I trained a model with a thousand images to recognize carrots. I trained another model with a thousand images (some overlapping) to recognize knives.
Is there an easy way to merge the two into a new model so I have a “Carrots & Knives” model that merges datasets and labels?
Great question! I have a few thoughts. You wouldn’t directly merge them in the way you might paste two Word docs together. But there are ways to make use of both.
Your end goal kind of matters too. If latency is critical, a single model trained on both might be faster. But we’re talking 20 ms faster (in not having an extra model to run in the workflow and having the efficiency of them combined), not like 4 seconds or anything crazy big like that.
Here’s a couple ideas from easiest to most complicated.
- build a workflow in Roboflow that runs each model separately on the same image
- further fine tune the carrot model by adding in the knife images/annotations and then training it on that additional data
- start from scratch with about 2000 images and train a single model that finds both
Does it make any difference if all the source imagery is cutting board that generally has both carrots and knives (in most situations) rather than pictures of carrots alone and stock imagery of knives?
The composition of the source leans towards accepting both where a merging of labels would theoretically work (assuming that’s possible)
The ideal scenario is that you are training on images that closely reflect what you will use the model on.

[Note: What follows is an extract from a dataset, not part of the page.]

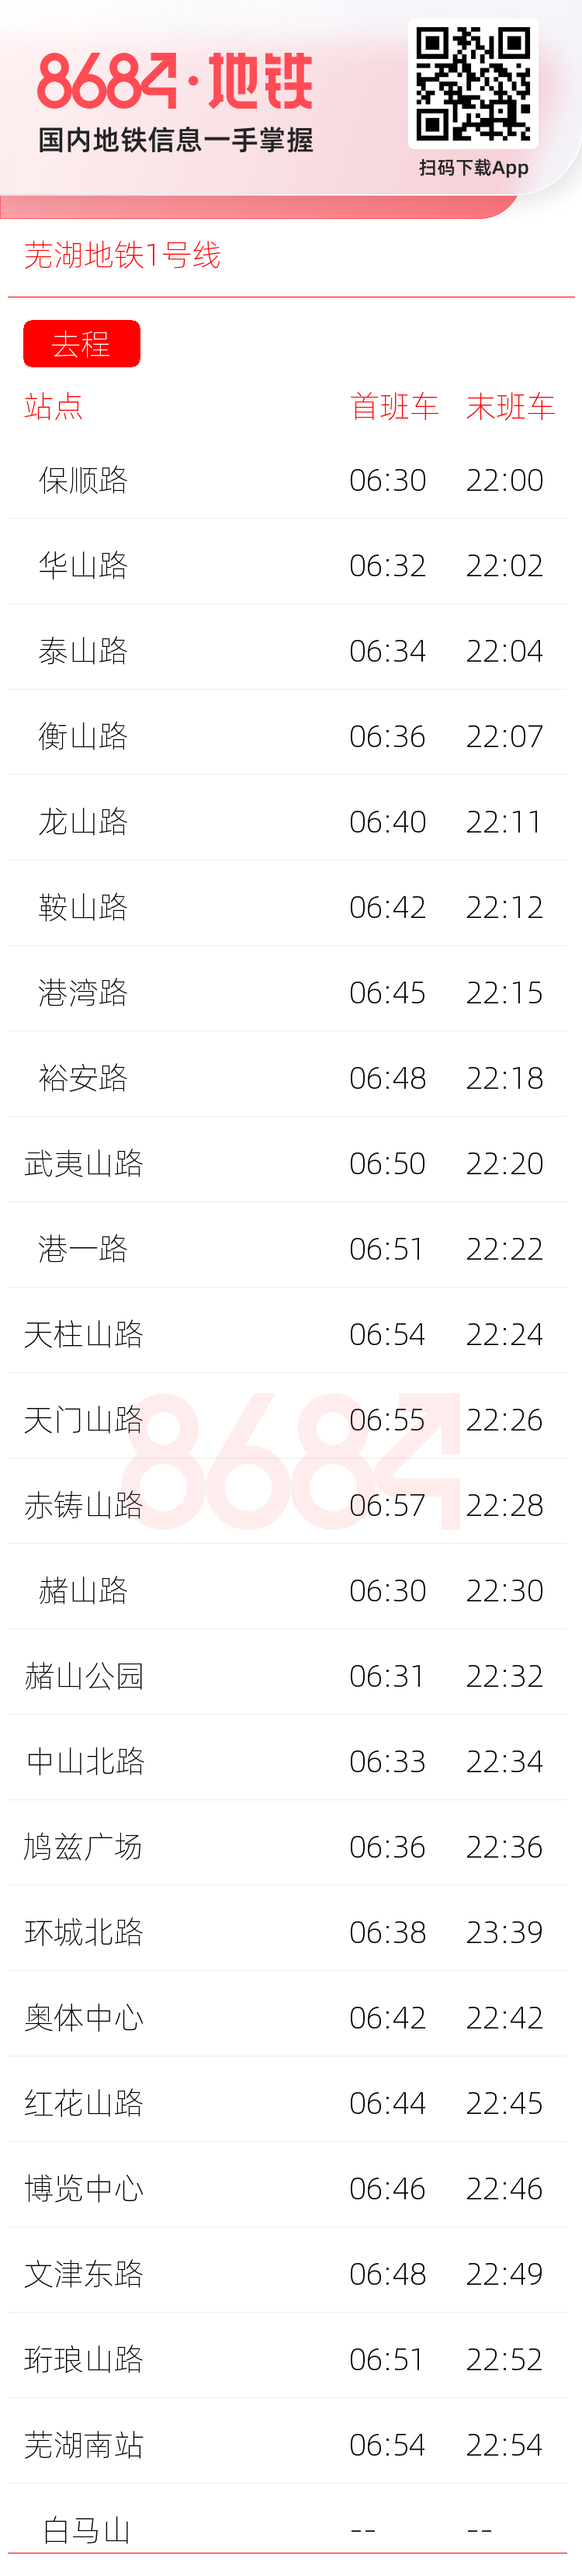 芜湖地铁1号线运营时间表

So if you plan to have it find carrots and knives on cutting boards in the future, then the fact that they are both in those training images is ideal. But if you are trying to find a carrot in a salad having trained only with carrots on cutting boards you will have poorer results when you go to look for carrots in a salad.
I’m not sure you are implying this, but the fact that both classes (carrots and knives) are in most of the images is actually better than if they were in separate images. It helps the model avoid mistaking a long narrow carrot for a knife or an orange knife handle for a carrot. And just a reminder, you also want to try to have about 5-10% of your images be “null” images - so a cutting board with no carrot and no knife. It could have a fork or spoon on there, maybe some onions, or just be empty. Whatever will be close to what could happen when you are using the model later. That also helps the model perform better.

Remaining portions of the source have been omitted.